Organization Kid

Kelley Walker kelley at interpactinc.com
Sun Mar 18 21:08:00 PST 2001


1. i don't think it struck the author the way you seem to think, either. he'd be fool to have read all the lit and make that argument. not surprisingly, then, he didn't.

2. i'd suggest that he's talking about a kind of careerism that can easily be taken up as an activist. so, i think that with the lens he was wearing, he'd probably see bizzy bizzy serious hardworking activists as well. he was interested in the careerist v. politico trope, afterall. he's talking about unstructured relaxing, sitting around shooting the breeze and perhaps contemplating every so often what life is all about. i really don't think this is a full-blown narrative of decline, either. close, but no ceegar.

3. from that snippet, which was an accidental paste that came off my clipboard instead of something else i'd intended, how would you know what i do? my organizing and political activism began two decades ago. i don't think i need to be lectured by you.

4. careful, if you overstuff the article, you're going to end up with straw all over your collar. ah hell, go ahead and set a match to it since what the author actually wrote really makes no difference to what you have to say. yes, it is an obvious ref to organization man. but is uppose if you gave it a little thought you can see how he's engaged in journalism, not social science and certainly not activism. he's not a sloganeer or a leninist. he's writing for The Atlantic Monthly.

At 05:15 PM 3/18/01 -0500, Yoshie Furuhashi wrote:


>David Brooks says that when he "went to college, in the late 1970s and
>early 1980s, we often spent two or three hours around the table, shooting
>the breeze and arguing about things." Students today must be less
>involved in mass protests, etc. than in the late 60s and the early 70s,
>but it doesn't strike me as self-evident that students are less
>politically active today than in the late 70s & early 80s.
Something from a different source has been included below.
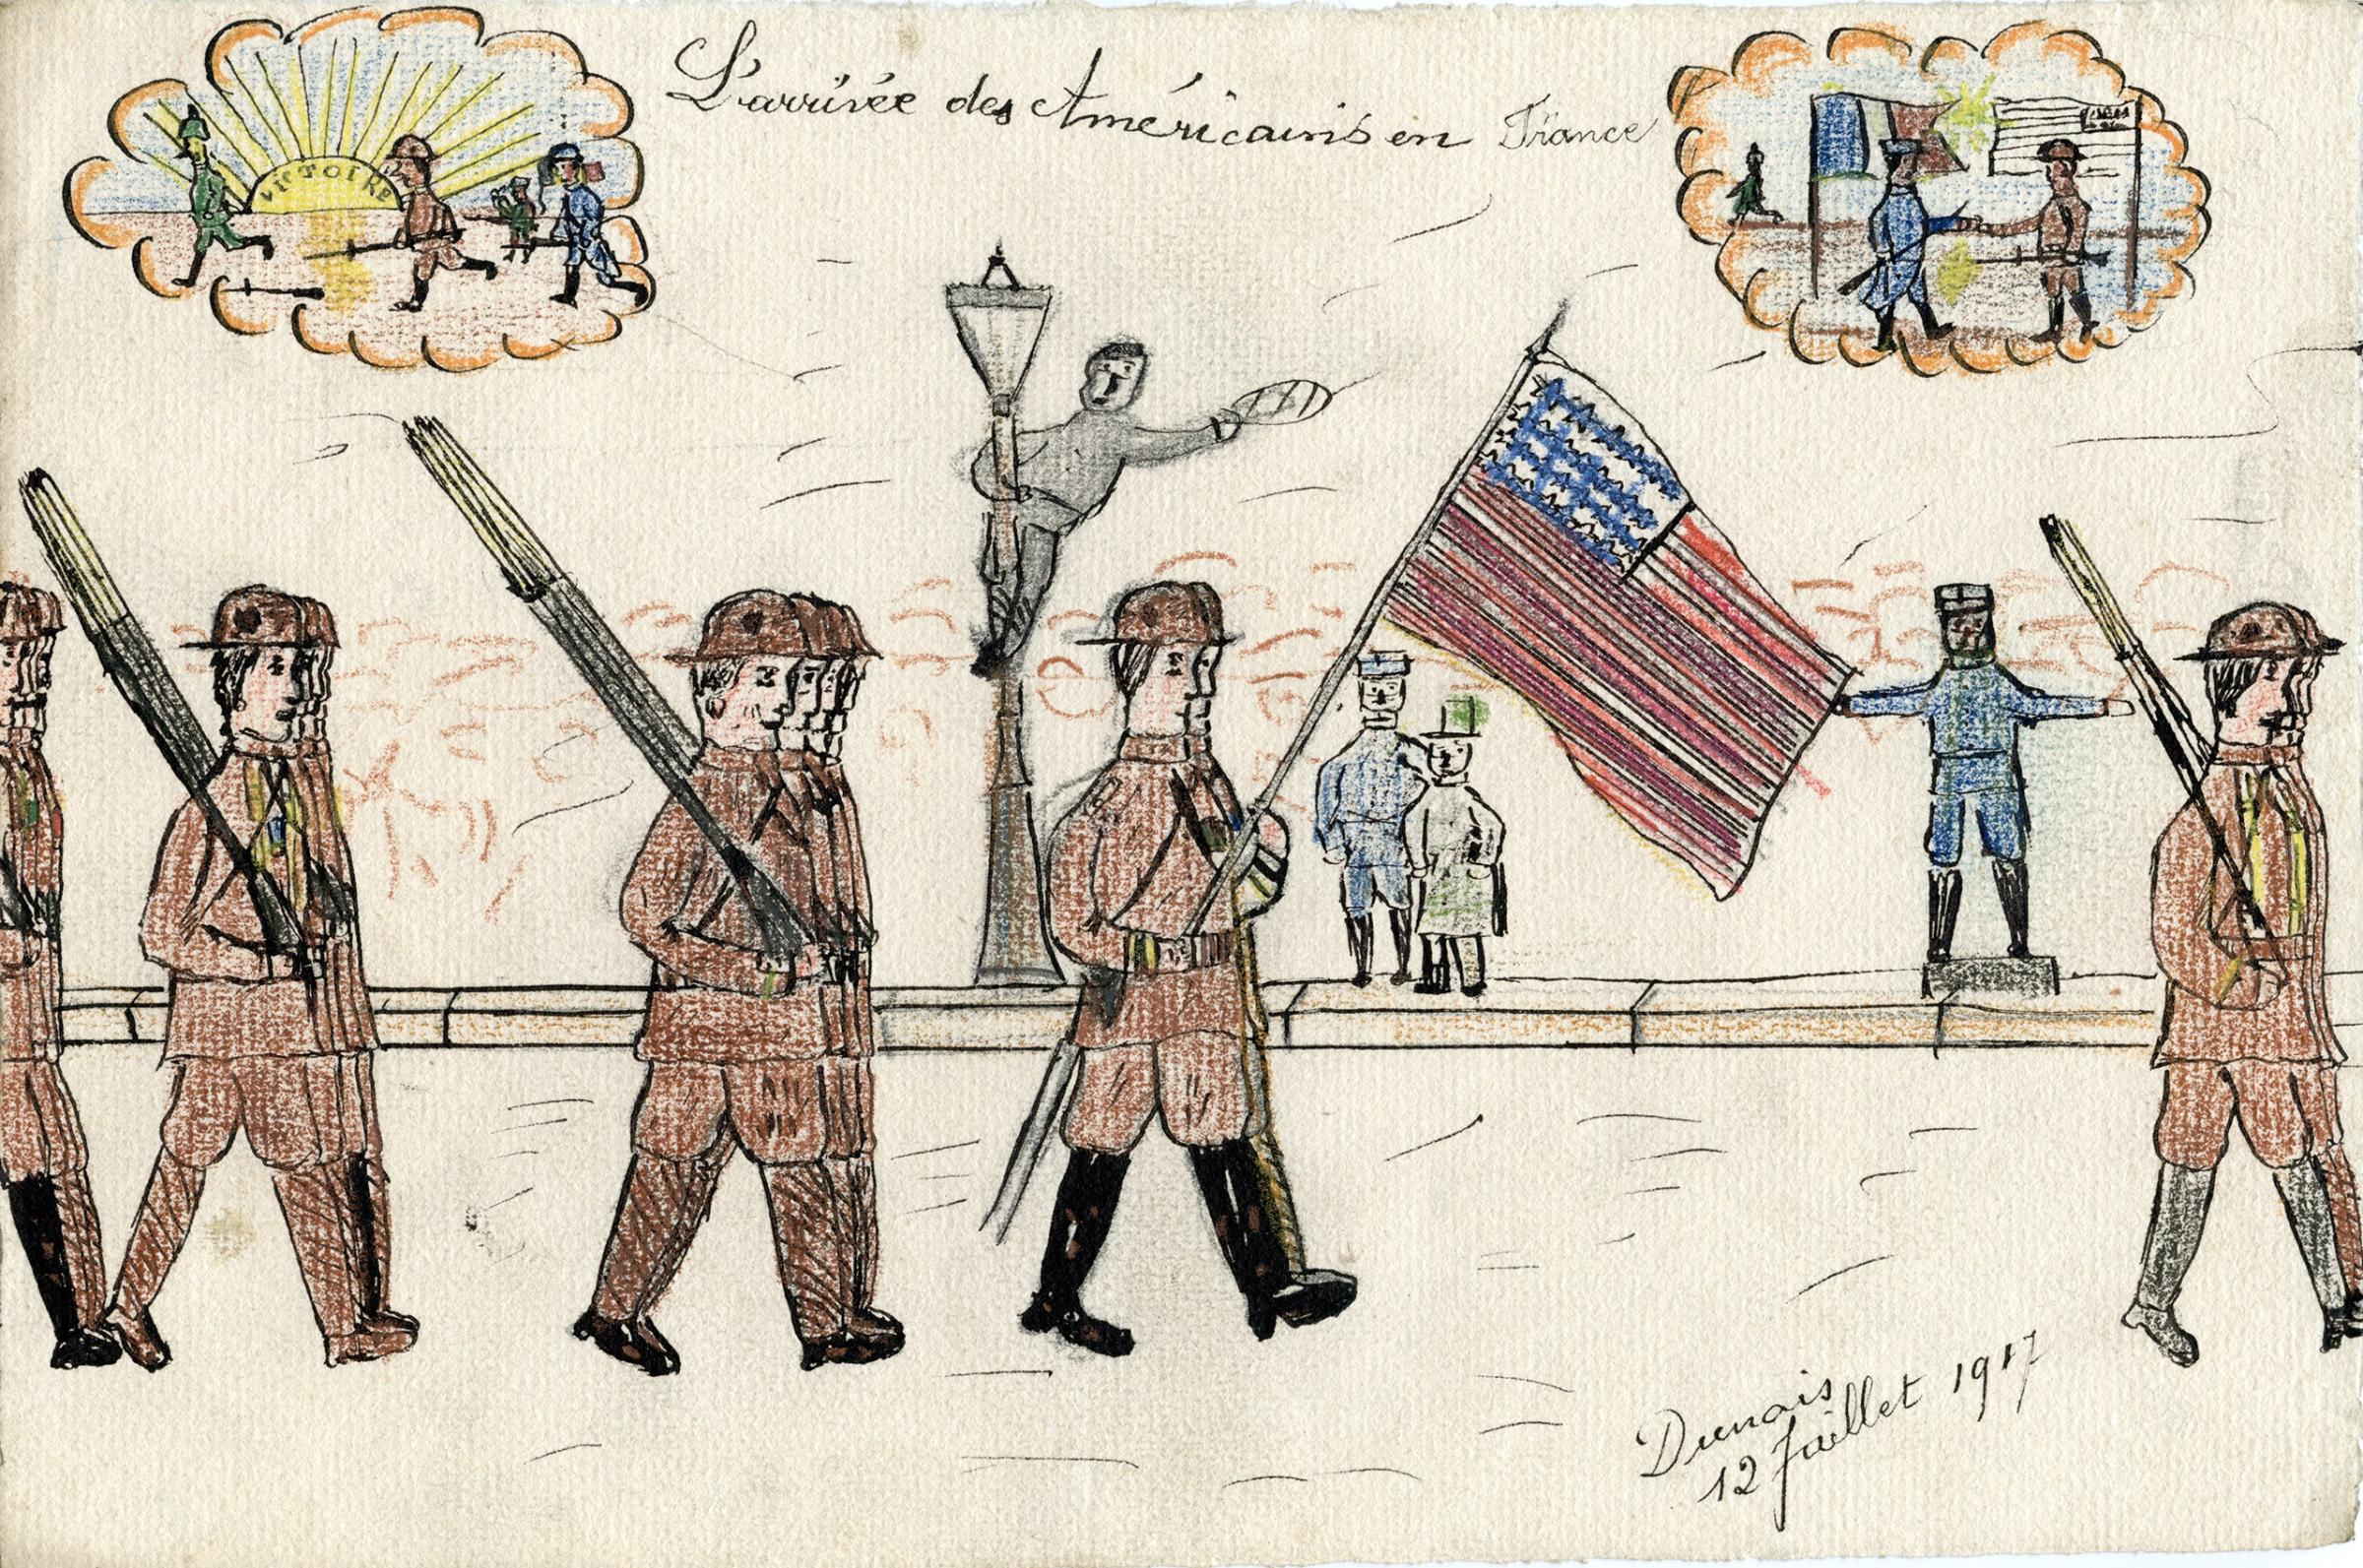 Drawings by French school children after the Americans landed in France in 1917.

> While the very politically active (= organizers & activists = those who
> aren't happy with just spending "two or three hours around the table,
> shooting the breeze and arguing about things") are probably a tiny
> minority at Princeton (as we are at the OSU), Brooks' claim that "nowhere
> did...[he]...find anybody who seriously considered living any other way"
> is an overstatement.


>What is true is that students are busier than ever, not just at elite
>schools like Princeton but at very working-class campuses like OSU, which
>certainly curbs students' ability to get politically involved.
>
>>While some sociologists refute the significance of Ritzer's theory, those
>>who accept his evidence see an ugly, automated future, one similar to
>>that envisioned by Max Weber, the 19th-century theorist on whose
>>"principle of rationality" McDonaldization is based. "{Weber} feared that
>>rationalization would create a society of rule-bound, apolitical
>>individuals dominated by soulless corporate and government
>>bureaucracies," Crouse says, "Rationalization, for him, was an 'iron
>>cage' which would become impossible to escape. What once seemed rational
>>and liberating would, perversely, become irrational and constraining as
>>ordinary people lost control over the decision-making processes that
>>shaped their lives."
>
>If that's the theoretical premise & conclusion, why bother to wax
>"ethnographic," get politically involved, etc., though?
>
>With his title "The Organization Kid," Brooks must be making an allusion
>to William H. Whyte, _The Organization Man_ (1956). His tone is very 50s,
>very cold-war liberal, though he can't be much older than me.